The Trump administration has suspended all U.S. assistance programs that benefit Somalia’s federal government, the State Department said Wednesday, citing allegations that Somali officials destroyed a World Food Programme warehouse and seized 76 metric tons of food aid meant for impoverished civilians.
In a statement, the department said the action reflects what it described as the administration’s “zero-tolerance policy for waste, theft, and diversion of life-saving assistance.”
The State Department said it had “paused all ongoing U.S. assistance programs which benefit the Somali Federal Government,” and said any resumption would depend on the Somali federal government taking accountability for what the department called “unacceptable actions” and taking “appropriate remedial steps.”

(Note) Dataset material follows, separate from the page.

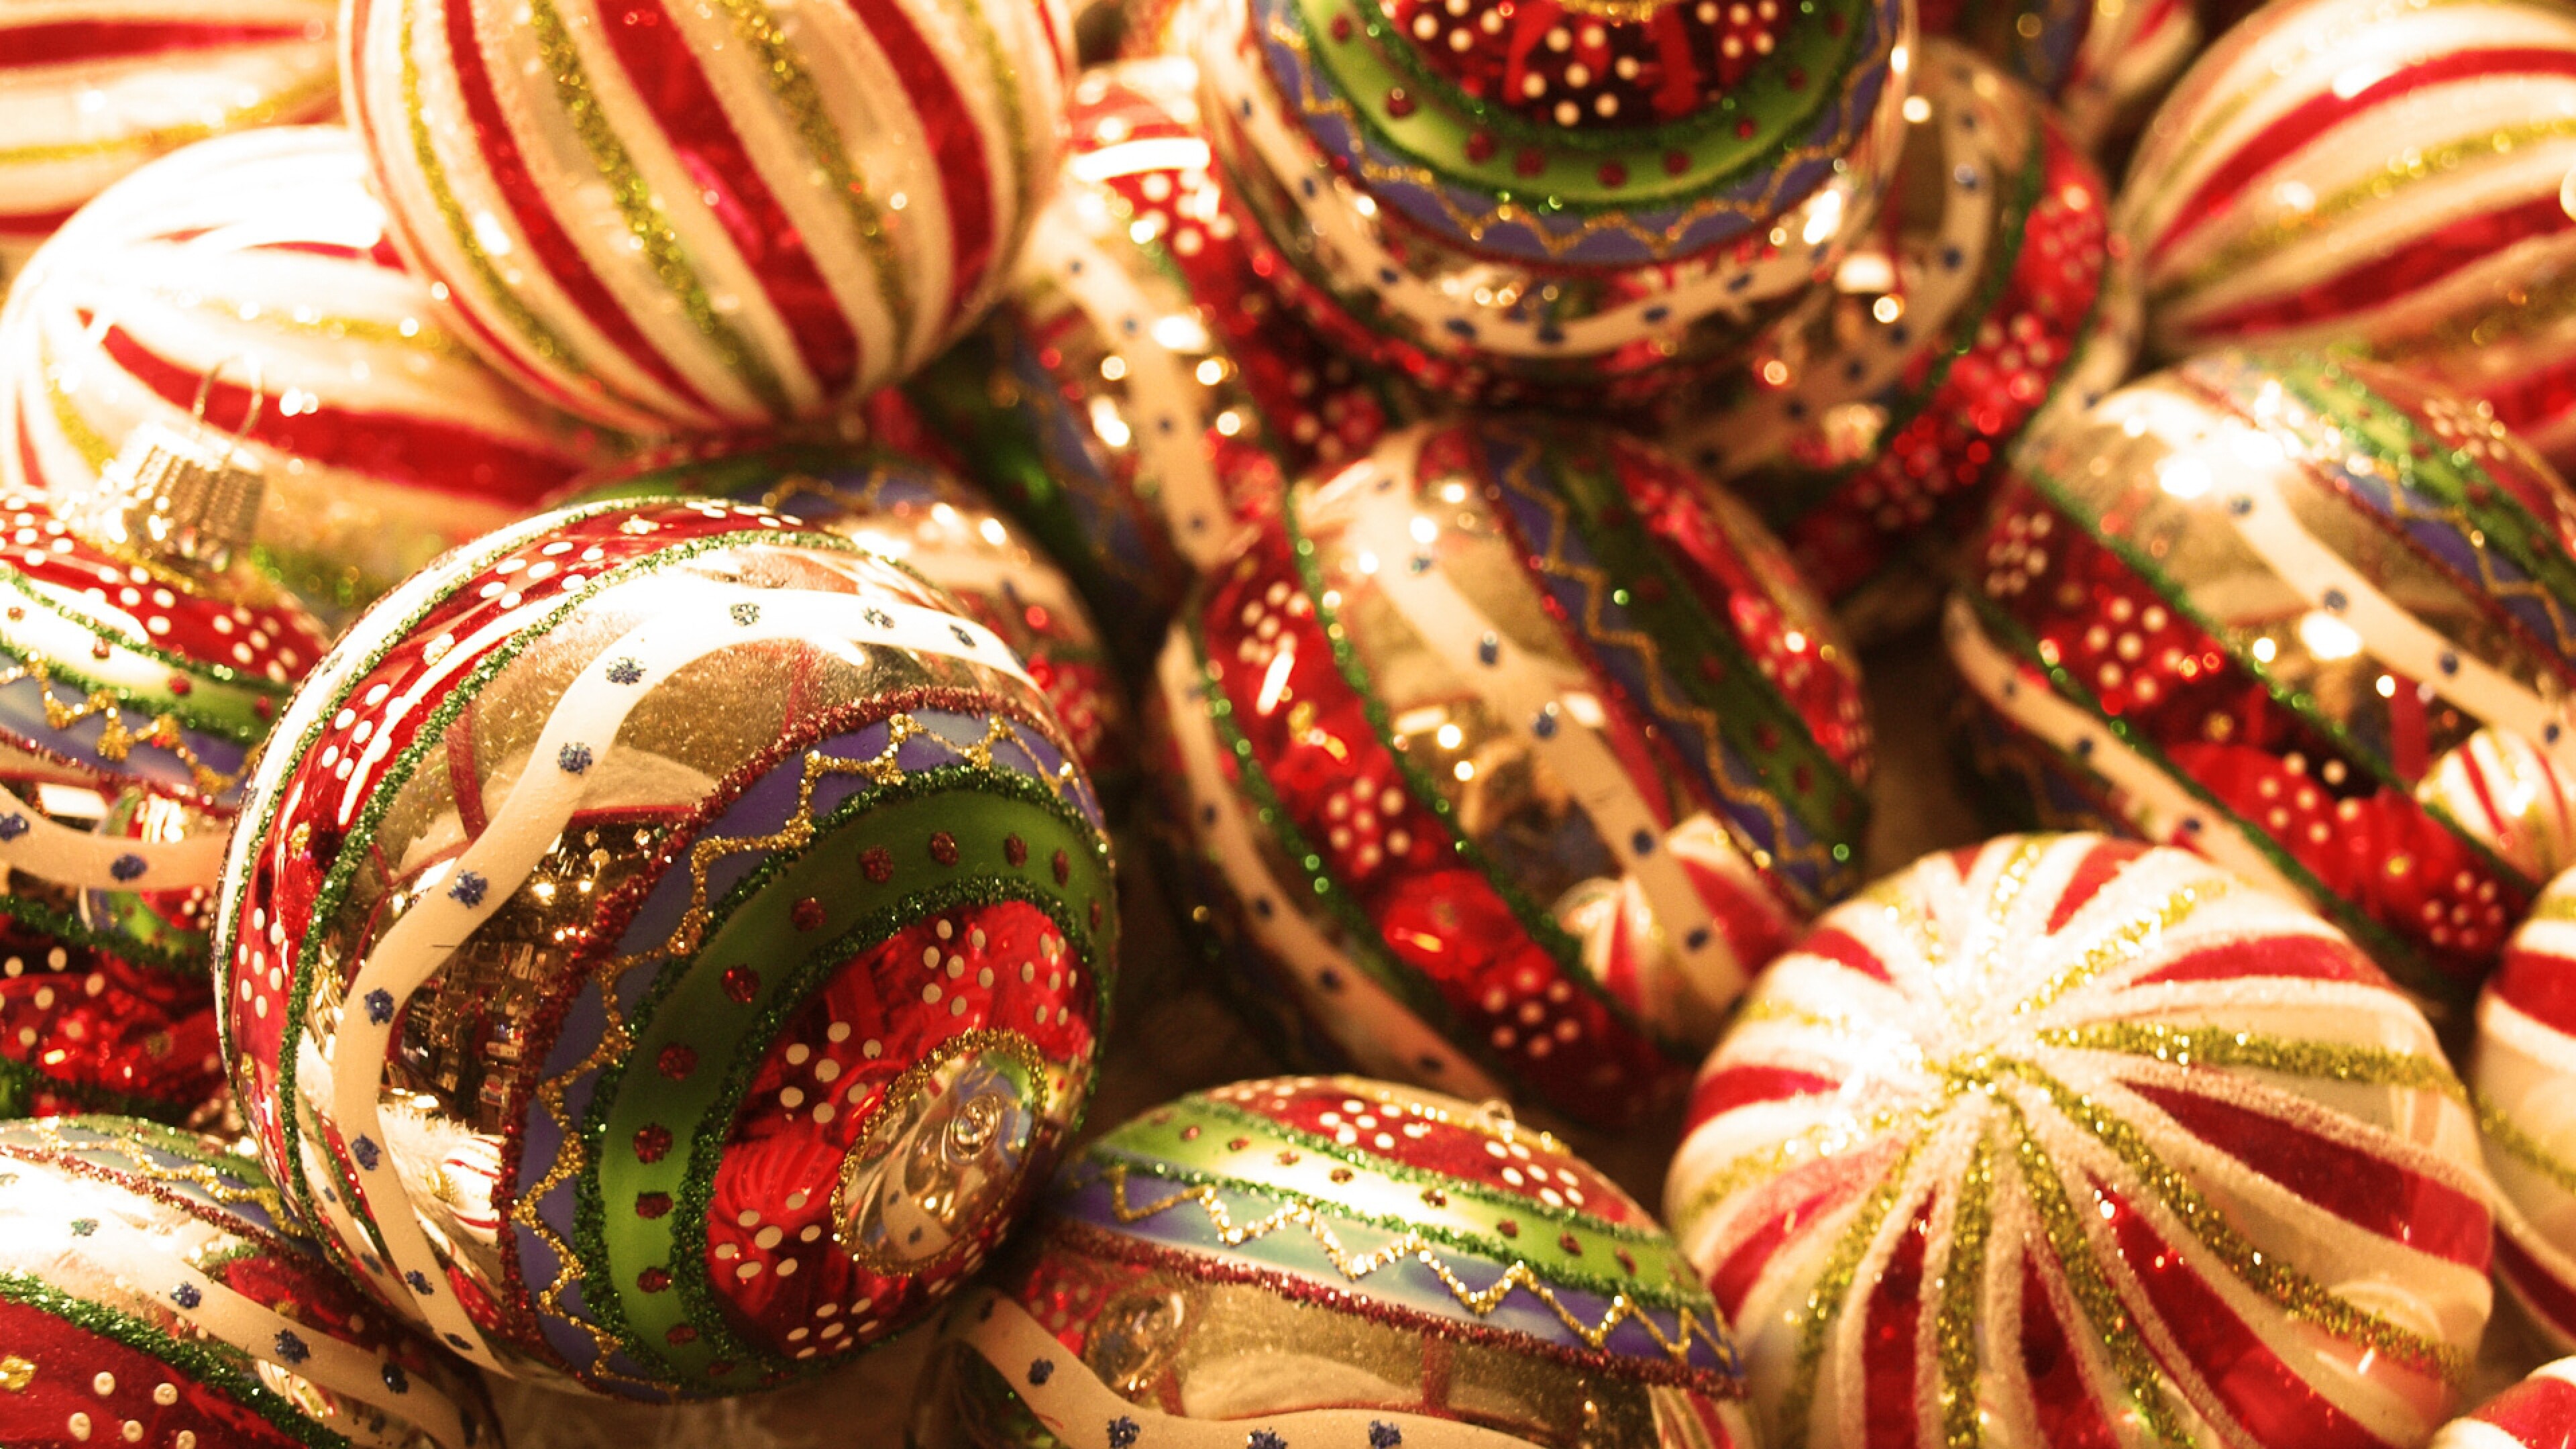 Christmas Ornament: Usually made of blown glass, metal, wood, blown plastics, expanded polystyrene or ceramics. 3840x2160 4K Wallpaper.

A senior State Department official, speaking on condition of anonymity, said the department was “undertaking a thoughtful and individualized review to determine which ongoing assistance programs directly or indirectly benefit the Somali Federal Government and to take appropriate actions to pause, redirect or terminate such programs.” The official said Somalia had long been “a black hole of poorly overseen U.S. assistance” and said the administration was taking steps to terminate fraud-prone programs there.
The official said the administration ordered the suspension after authorities at Mogadishu Port demolished the World Food Programme warehouse at the direction of President Hassan Sheikh Mohamud, “with no prior notification or coordination with international donor countries, including the United States.”
It was not immediately clear how much assistance would be affected by the suspension, the report said, noting that the Trump administration has slashed foreign aid expenditures, dismantled the U.S. Agency for International Development, and had not released new country-by-country data.
The article said the U.S. had provided $770 million in assistance for projects in Somalia during the last year of Democratic President Joe Biden’s administration, but only a fraction of that money had gone directly to the Somali government.
The suspension also comes amid broader administration criticism of Somali refugees and migrants in the United States, including allegations of fraud involving child care centers in Minnesota, the report said. The administration has also imposed restrictions on Somalis seeking to come to the U.S. and has made it more difficult for those already in the United States to stay.
Somalia, located in the Horn of Africa, is one of the world’s poorest nations and has faced chronic insecurity for decades, exacerbated in recent years by multiple natural disasters including severe droughts.